Ce sont des véhicules fabriquées aux Etats Unis qui ont été utilisés pour écraser les gens, des bulldozers américains qui les écrasent en remblais et des armes américaines qui furent utilisées pour les abattre.
La seule chose que notre gouvernement a fait au sujet de ces attaques est d’interdire aux républicains américains Dana Rohrabacher et R-Calif de mener une enquête.
A l’appréciation des guerriers américains qui ont servi ces six années au côté de l’ancienne armée de libération nationale en Irak, un grand nombre d’anciens politiciens européens et américains ainsi que d’anciens dirigeants gouvernementaux se sont réunis pour discuter.

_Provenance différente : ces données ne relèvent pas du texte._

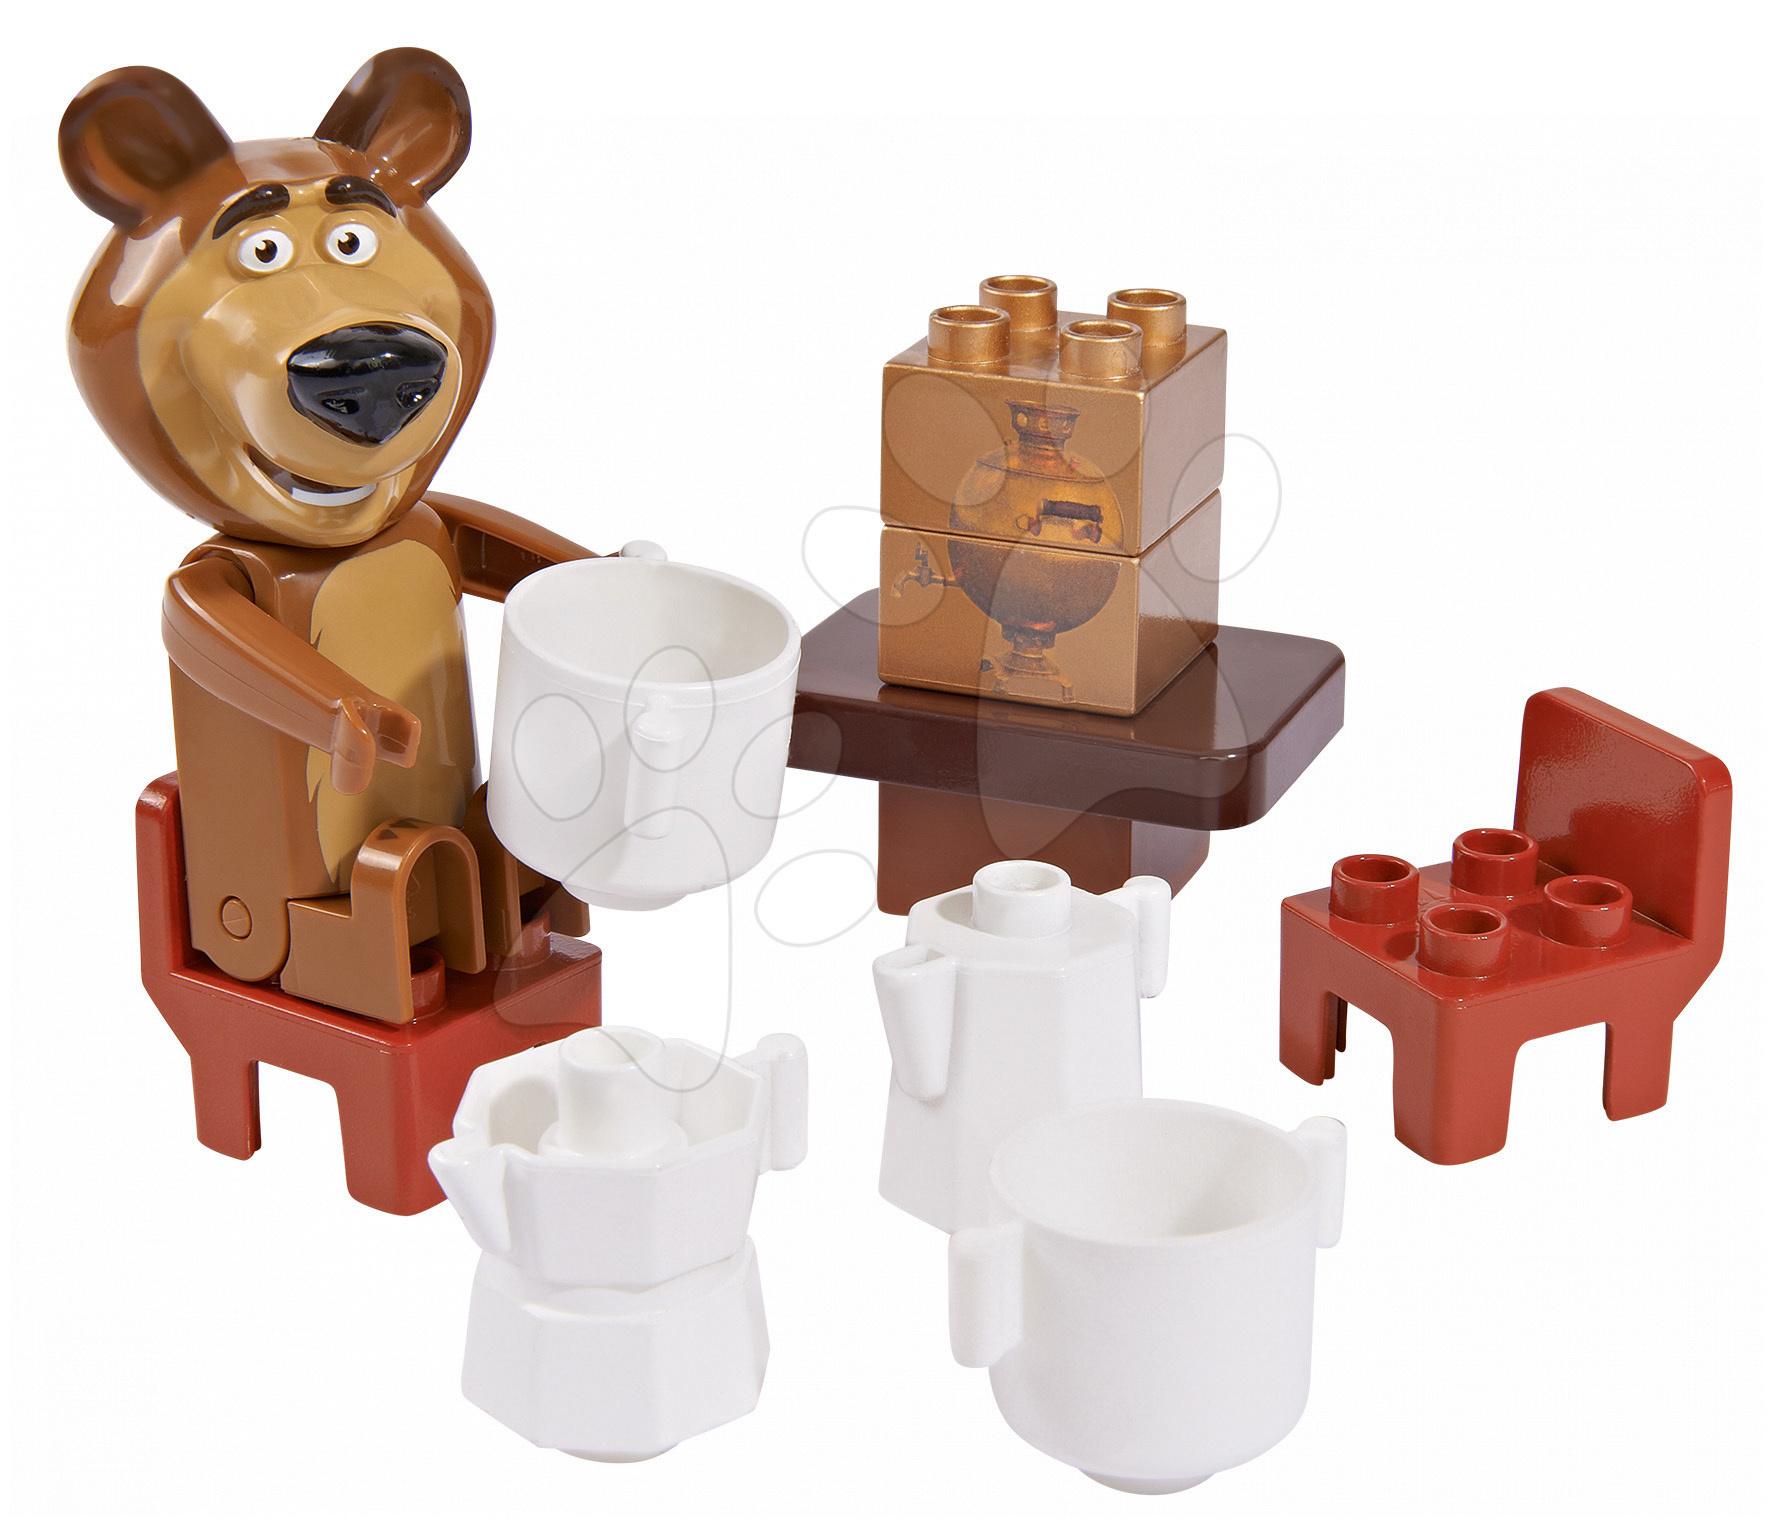 Stavebnice BIG-Bloxx jako lego - Stavebnice Miša v jídelně PlayBIG Bloxx BIG 7-11 dílů od 1,5-5 let

Pourtant, notre Département d’Etat refuse d’admettre qu’il a tort.
Il continue également d’ignorer la loi de 2004 identifiant le critère d’organisation terroriste étrangère adoptée par le Congrès, qui ne répond pas au l’OMPI. Le Département d’Etat a même ignoré la décision de 2010 de la Cour d’appel DC exigeant la conformité avec cette loi. En Avril 2012, ce même tribunal fédéral n’a pas cru l’argument mou du Département d’Etat selon lequel Hillary Clinton est «trop occupé» pour respecter leur mandat précédent.
La décision de la cour qui vient d’être rendue prouve même que le Département d’Etat n’est pas au-dessus des principes fondateurs de la Constitution des États-Unis.
Ces questions sont parmi les nombreuses que Richardson et d’autres ont depuis longtemps posées. Au lieu d’écouter les dirigeants américains et européens, notre branche exécutive attaqua les défenseurs américains de l’OMPI.
Foulant soigneusement du pied le Premier Amendement, les accusations incluent le soutien au terrorisme et l’acceptation d’ honoraires de la part de cette organisation.
J’ai personnellement été témoin de la quantité de travail de ces dignitaires accompli pour aider à corriger cette injustice, la grande majorité de ce qui a été fait sans compensation. Comme j’en ai récemment témoigné devant le Parlement canadien et ai spécifiquement utilisé les attaques sur Richardson comme un exemple, la vitesse à laquelle une première enquête du Département du Trésor prendrait pour que les médias soient saisis, ne peut que suggérer un ordre du jour n’est pas si dissimulé.
Cet ordre du jour consiste à obtenir de ces défenseurs l’OMPI de faire marche arrière et de cesser d’interférer dans l’apaisement du Département d’Etat vis-à-vis de l’actuel gouvernement iranien. C’est un honneur de voir que les attaques portées contre eux n’ont pas faites taire leur témoignage de la vérité.
Au lieu de critiquer Richardson, comme cela a été fait dans les médias et dans le Journal d’ Albuquerque basé sur la désinformation rapidement fournie par notre branche exécutive, l’examen de tous les faits auraient été effectués.
Il est temps de dire la vérité sur l’OMPI et le soutien de Richardson envers la démocratie iranienne.
Le Colonel de l’Armée à la retraite Wes Martin, un résident de Albuquerque, a servi comme officier anti terroriste pour toutes les forces de la coalition en Irak et plus tard en tant que commandant du camp d’Achraf.